Она поднялась, медленно, будто нехотя, подошла к невысокому шкафчику, отодвинула ящик, достала измятый по сгибам листок бумаги, протянула Юргену:
– Вот… читайте, Юрий Францевич… Это похоронка… Тут про смерть моего мужа написано. А убили его вы, немцы. А вот из той комнатенки глядят на вас дети, которых вы осиротили. За что? За какие, скажите мне, грехи? Что плохого они вам сделали? Чем провинились перед вами?
Ганя стояла перед Юргеном. Глаза ее потемнели от гнева. Она сдерживала себя, но губы дрожали, голос начинал срываться.

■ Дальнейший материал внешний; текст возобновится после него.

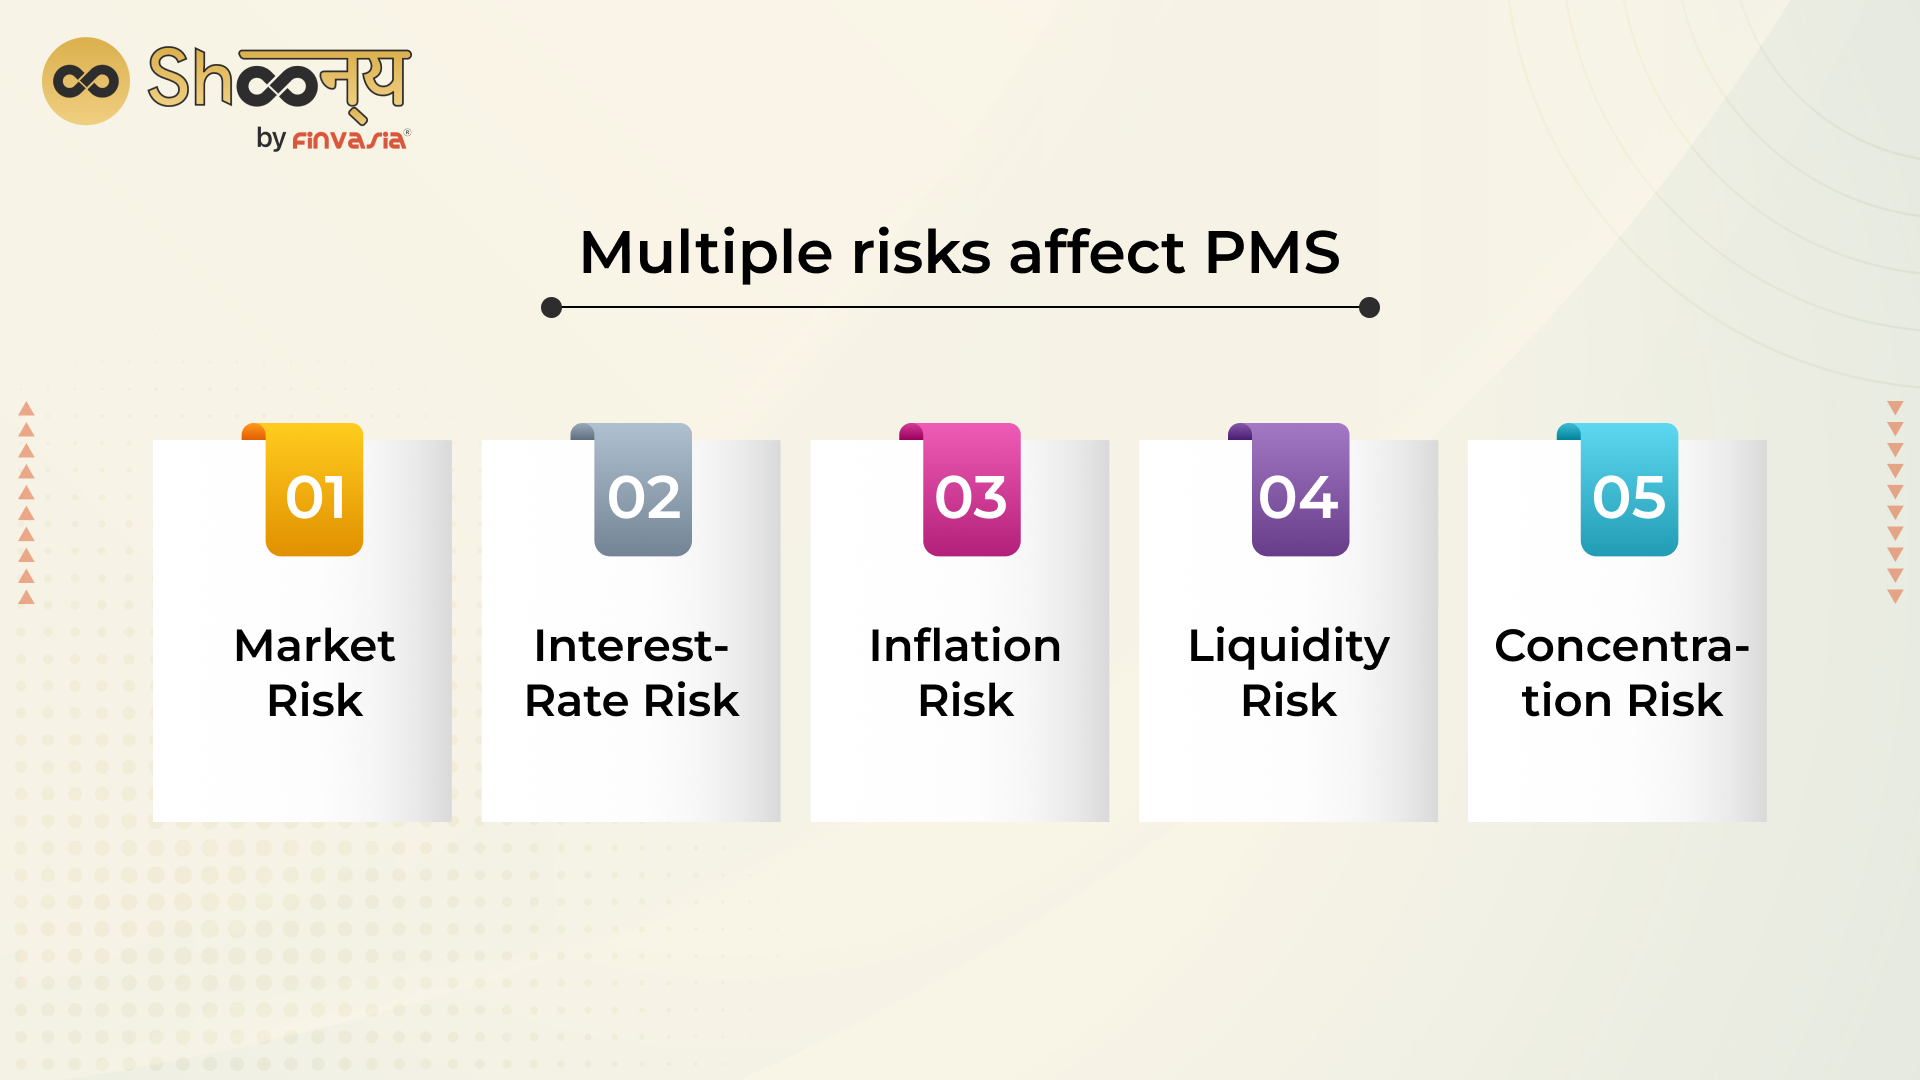 Mutiple risks affect PMS

– Вы, Юрий Францевич, медальончики передо мной выкладываете и про свою любовь говорите. А вы знаете, что уже больше тридцати огнищан, дорогих ваших земляков, немцы поубивали и на них матерям да женам такие же, как эта, похоронки пришли? А чего немцы вытворяют на той земле, которую захватили? Сотнями расстреливают ни в чем не повинных людей, молодых девчонок вешают, да еще насилуют перед смертью. Хорошо это? А что над безоружными пленными знущаются, ногти у них из пальцев вырывают да звезды на спинах ножами вырезывают… Ты скажи мне, Юра Раух, как это? По-людски? – Она вдруг перешла на «ты», к Юргену приблизилась вплотную. – Зря ты, Юрий Францевич, волосы мои в медальончике носишь. Отдай их лучше своим лиходеям, которые в лагерях наголо остригают голодных полонянок, волосами женскими мешки набивают и увозят в твою дорогую Германию… Нам рассказали об этом те, кому посчастило вырваться из ваших клеток.

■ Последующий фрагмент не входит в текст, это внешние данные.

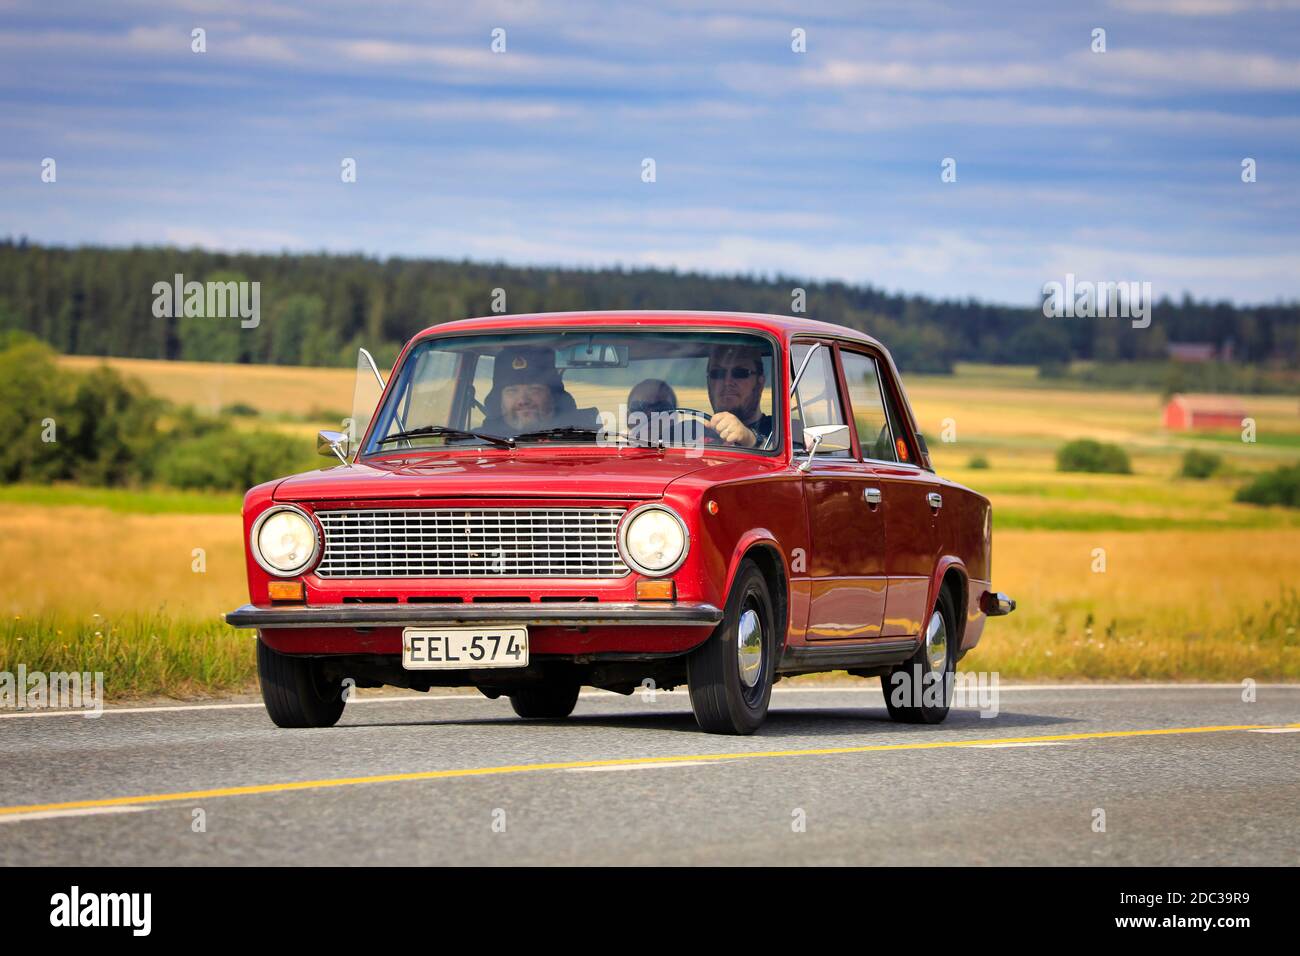 Guida Lada 1200 rossa su crociera Maisemaruise 2019 auto. Lada 1200 è stato prodotto dalla Avtovaz russa nel 1970-88. Vaulammi, Finlandia. 3 agosto 2019. Foto Stock

Юрген отшатнулся от Гани, забормотал в отчаянии:
– Я не палач. Я никогда палачом не был. Я только штабной офицер и ко всем тем безобразиям, о которых ты говоришь, не имею никакого отношения.
– Ты стоишь перед провальем, – повторила Ганя. – И от страшной кары не уйдешь, нигде от нее не спрячешься… Ты, Юрий Францевич, вроде Иуды предал ту землю, которая твоих отца и мать кормила, тебя самого выкормила… Вот гляжу я на тебя и думаю: это же тот самый Юра, с которым мы росли, купаться на пруд вместе бегали, цветы в лесу собирали, деревенские наши лакомства честно делили… Что ж с тобою сталось, Юра? Зачем ты пришел в мою хату одетым в эту ненавистную форму, в форму самых подлых, самых кровавых наших врагов? Зачем вы напали на нас? Чего вам не хватало? И чего тебе надо сейчас от меня и от моих детей?..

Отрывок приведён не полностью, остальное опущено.